# Task to complete:
Pictures aside, reproduce exactly and only the lines below, starting at the one containing "手绘 原创动漫 食物 快餐" and ending at the last line.

# Dataset extract:
**********
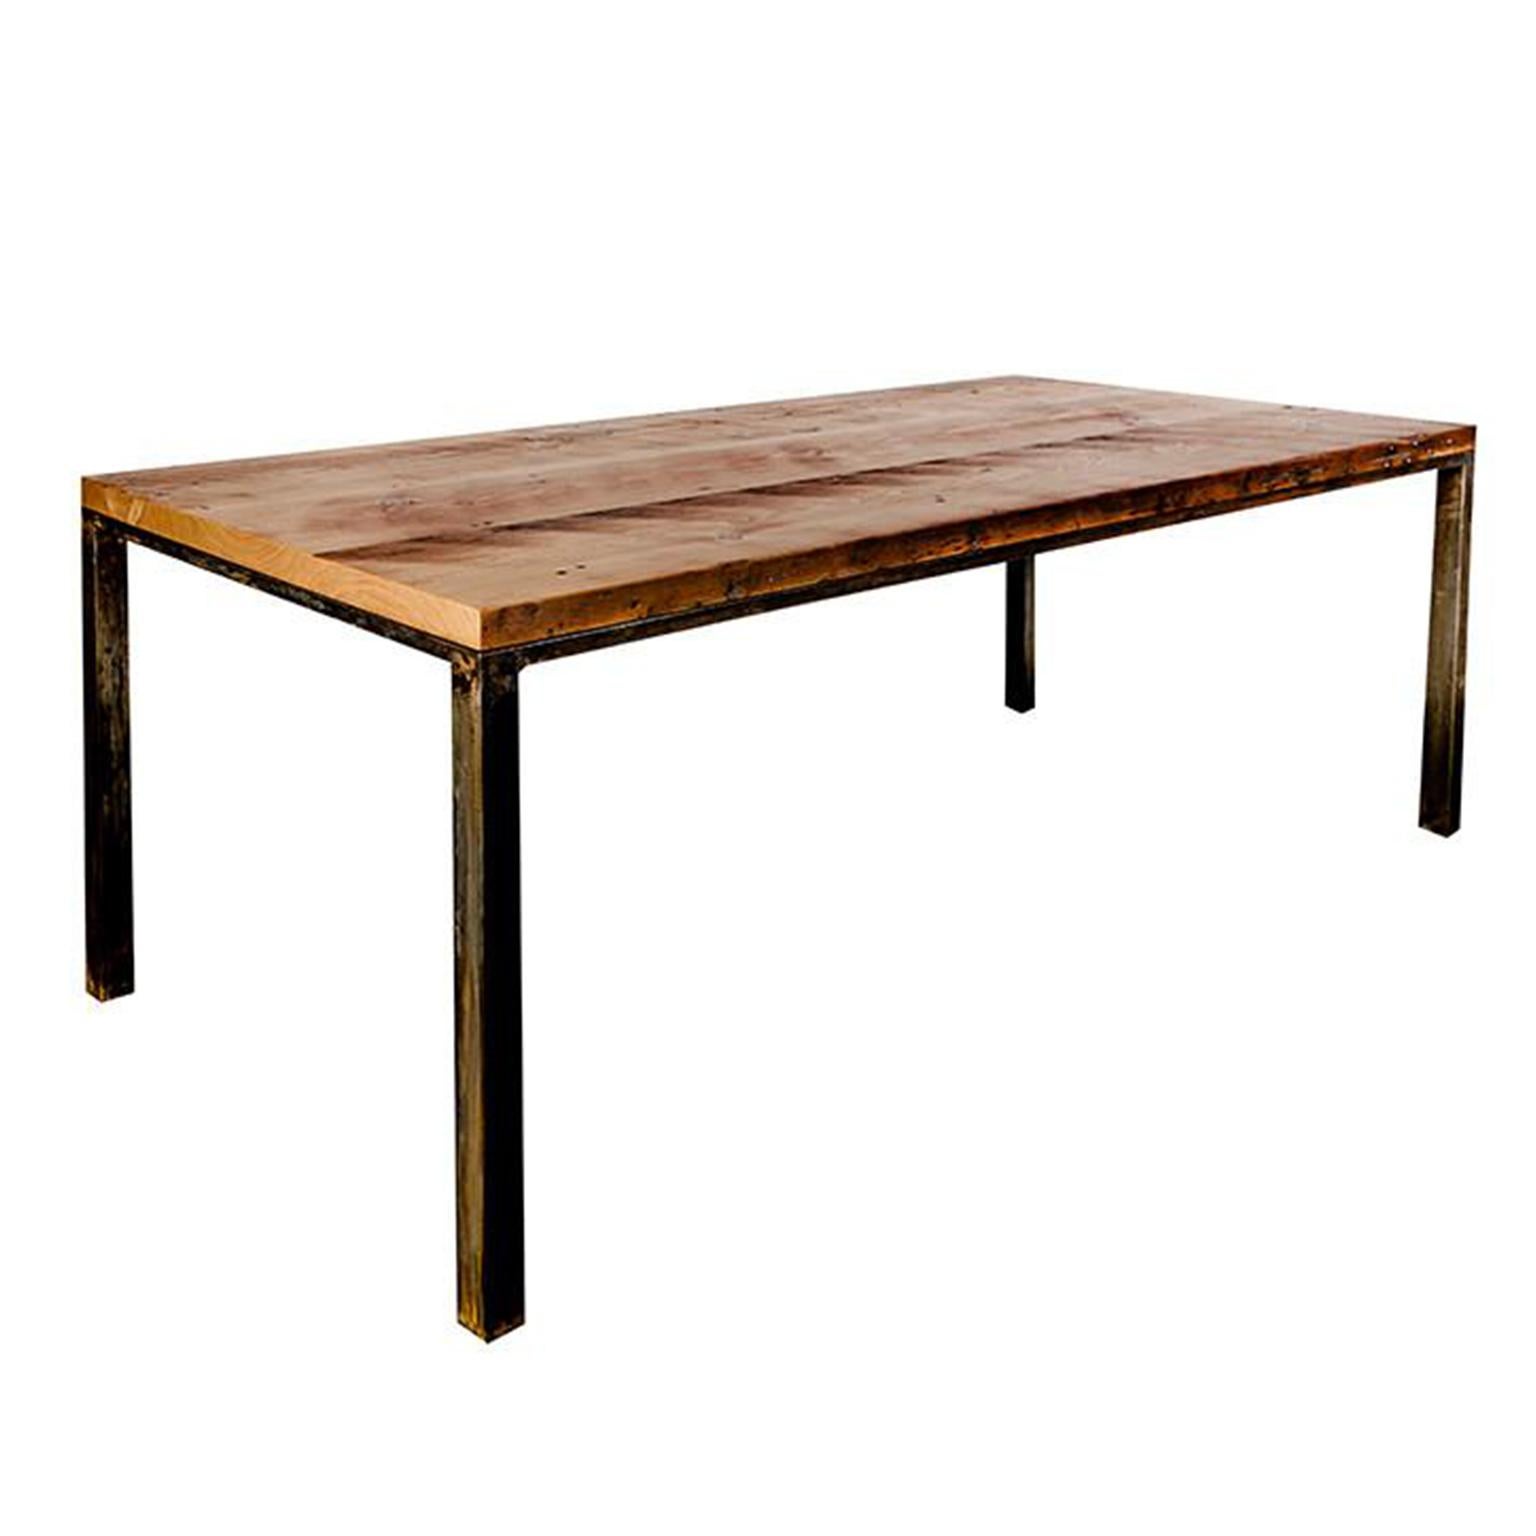 Maßgefertigter Industrietisch „“Workshop Table“ mit Massivholzplatte und Stahlfuß, klein
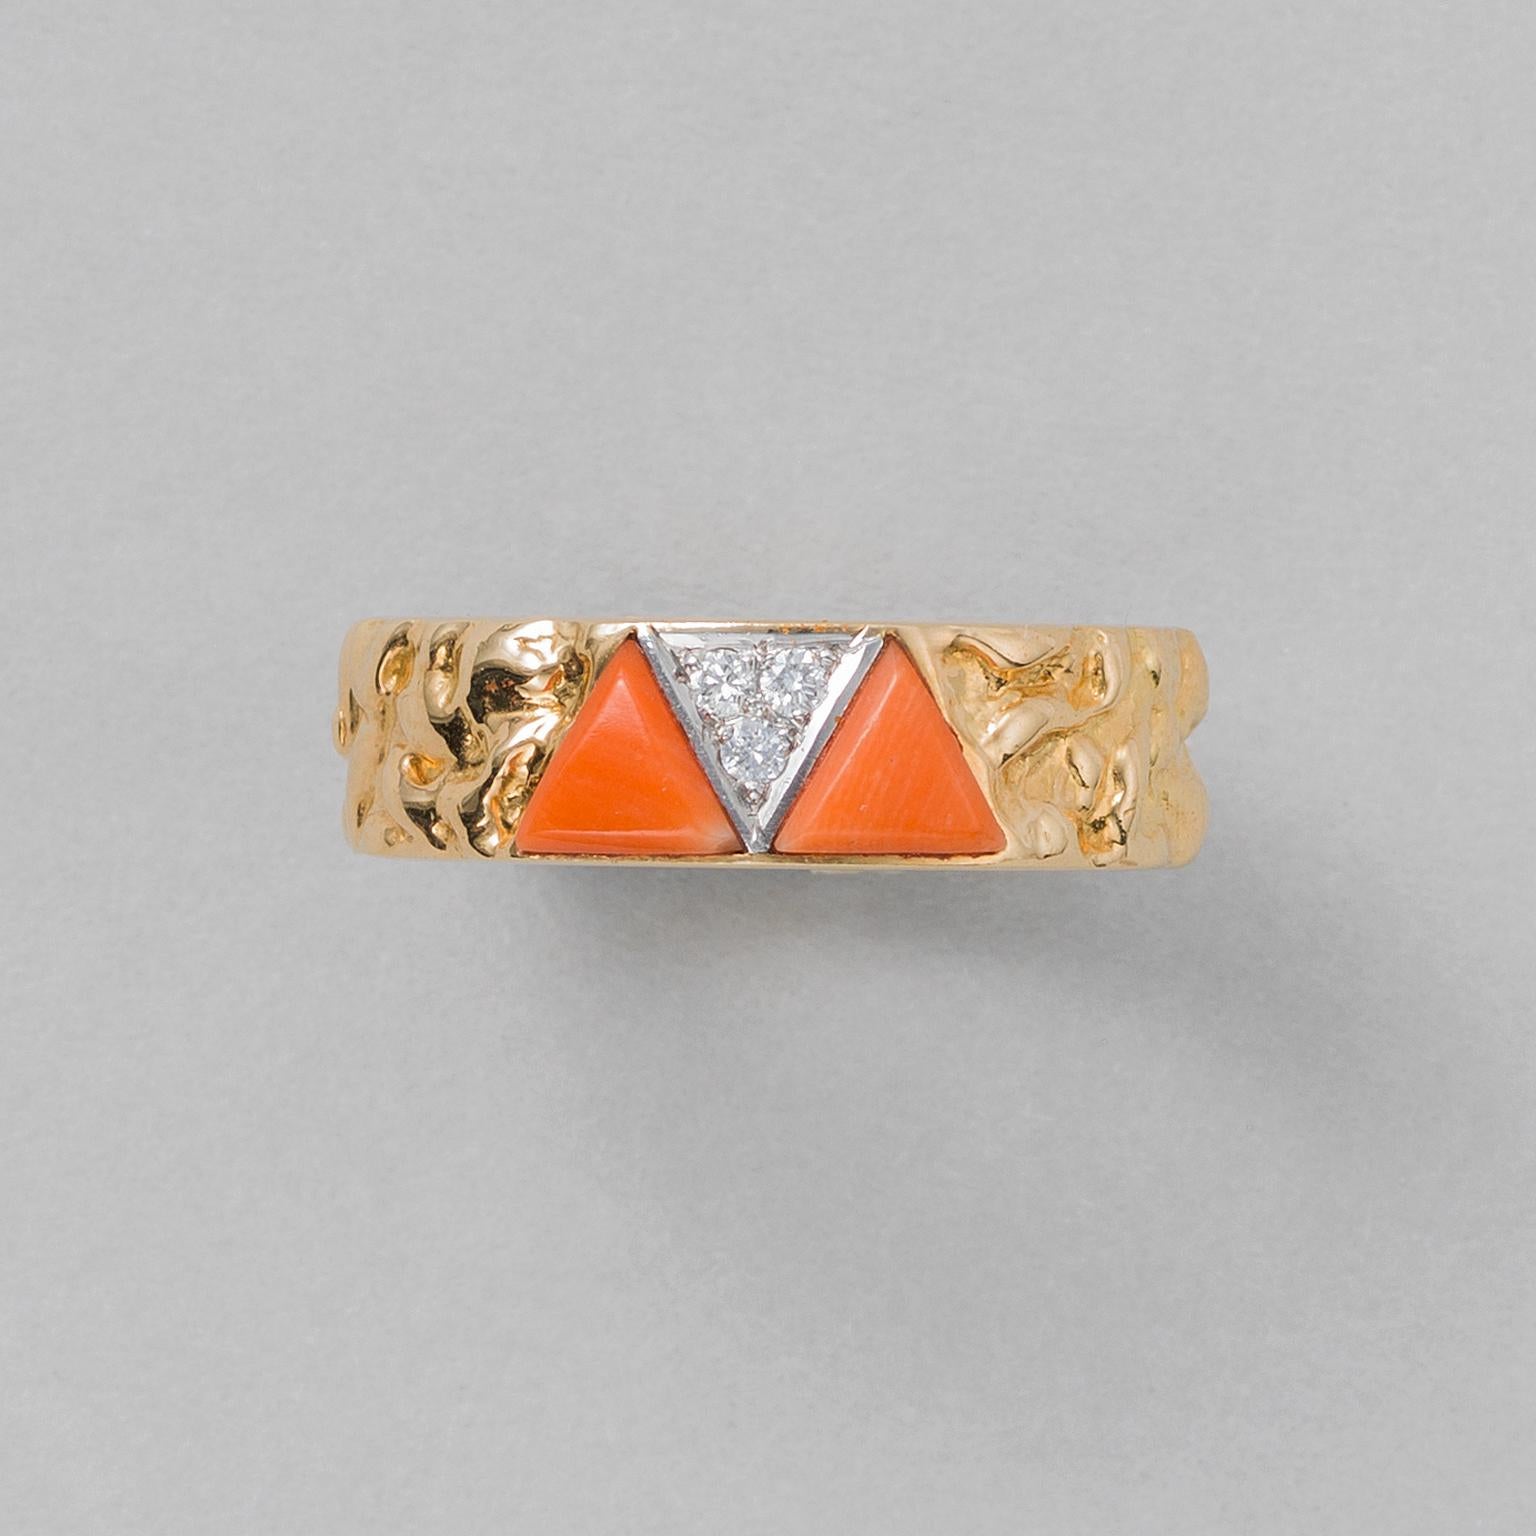 Ein Ring aus 18 Karat Gold mit unregelmäßiger Struktur, besetzt mit zwei dreieckigen Korallenstücken, dazwischen ein mit drei Brillanten besetztes Platindreieck, signiert und nummeriert: VCA NEW YORK, 862 1, hergestellt in Frankreich für Van Cleef &
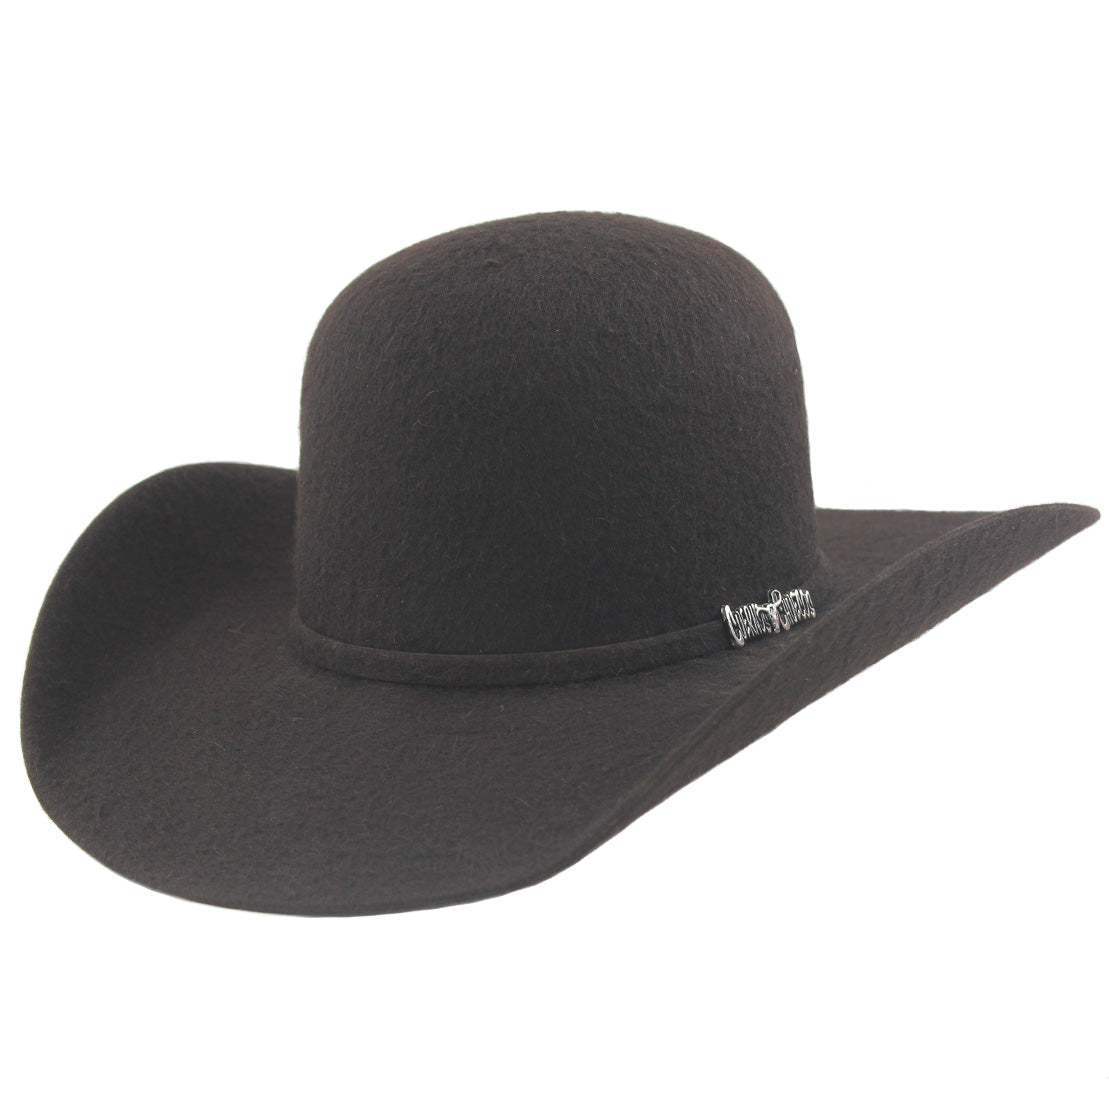 Cuernos Chuecos 10x Chapeau de cowboy à couronne ouverte en feutre de fourrure grizzly chocolat
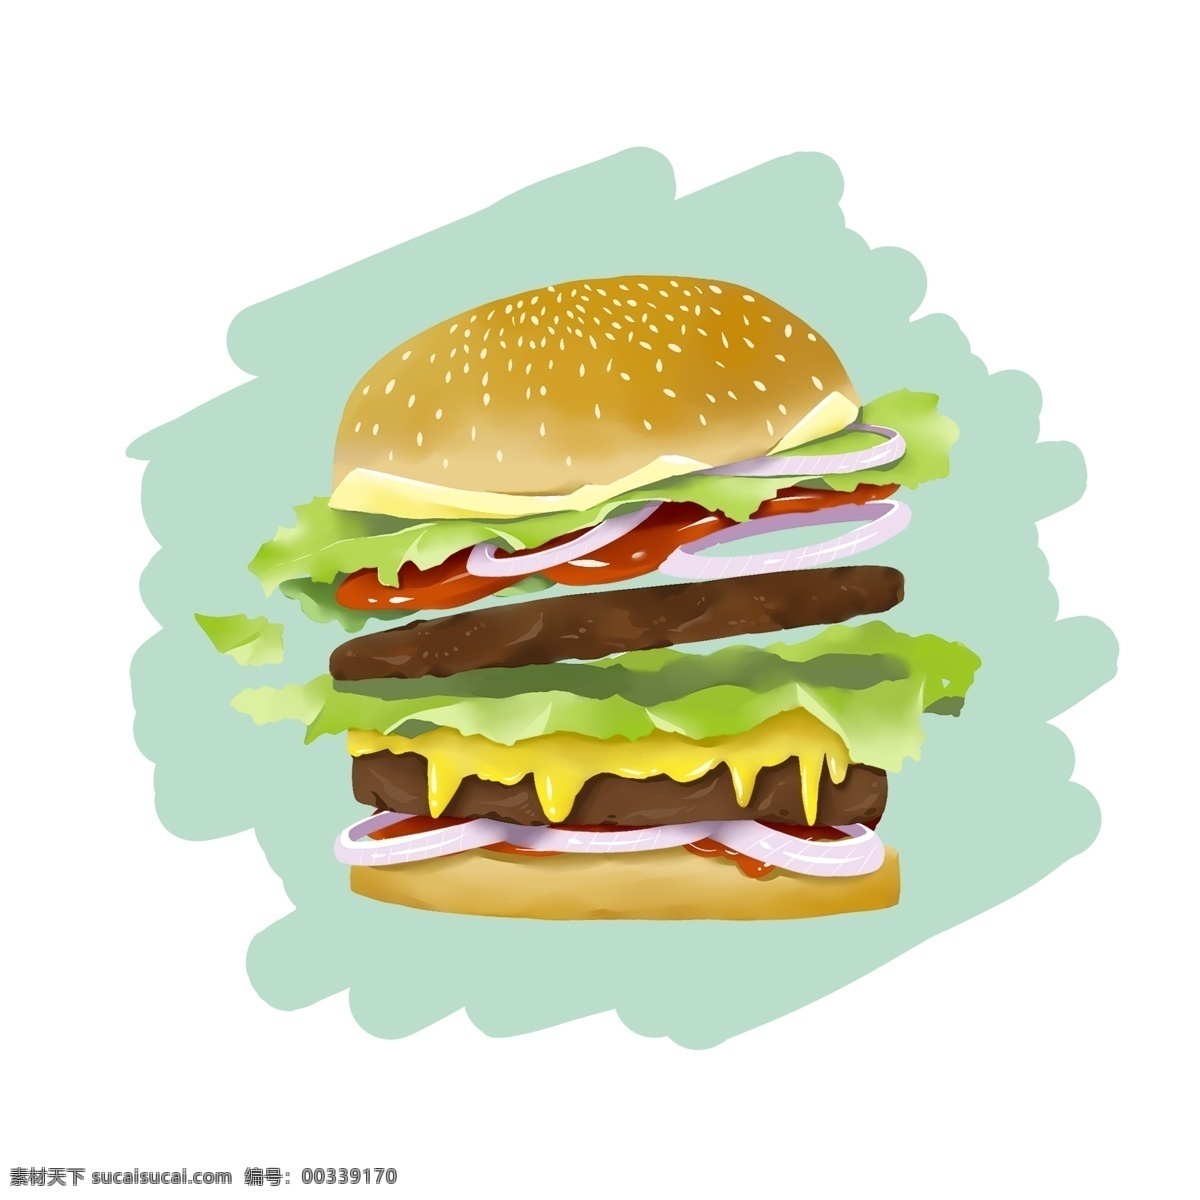 手绘 原创动漫 食物 快餐 食品 牛肉 芝士 汉堡 生菜 原创 汉堡包 hamburger 番茄酱 洋葱圈
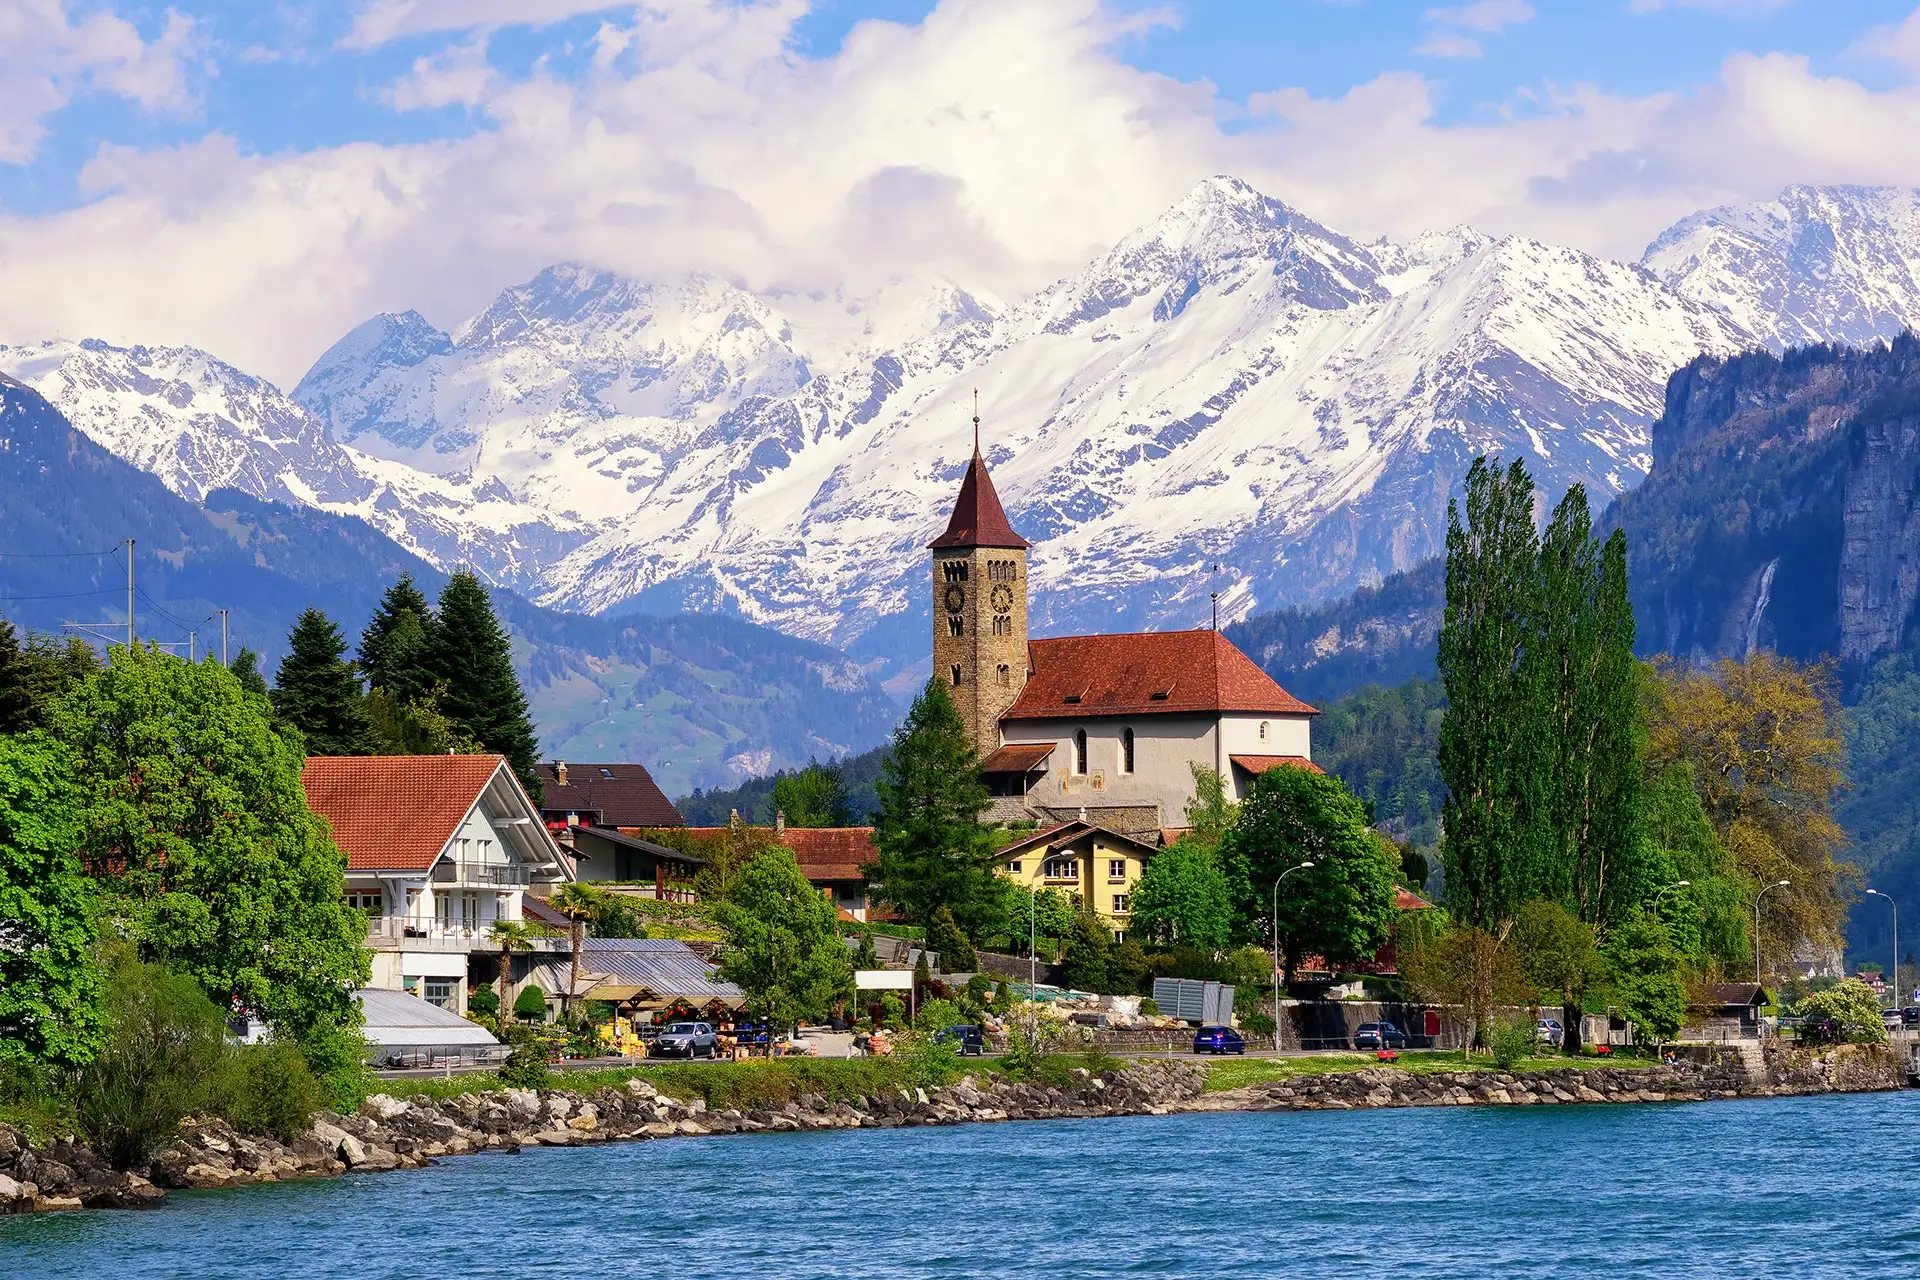 Lake Brienz by Interlaken, Switzerland
**********
# Completed task:
 手绘 原创动漫 食物 快餐 食品 牛肉 芝士 汉堡 生菜 原创 汉堡包 hamburger 番茄酱 洋葱圈
 Lake Brienz by Interlaken, Switzerland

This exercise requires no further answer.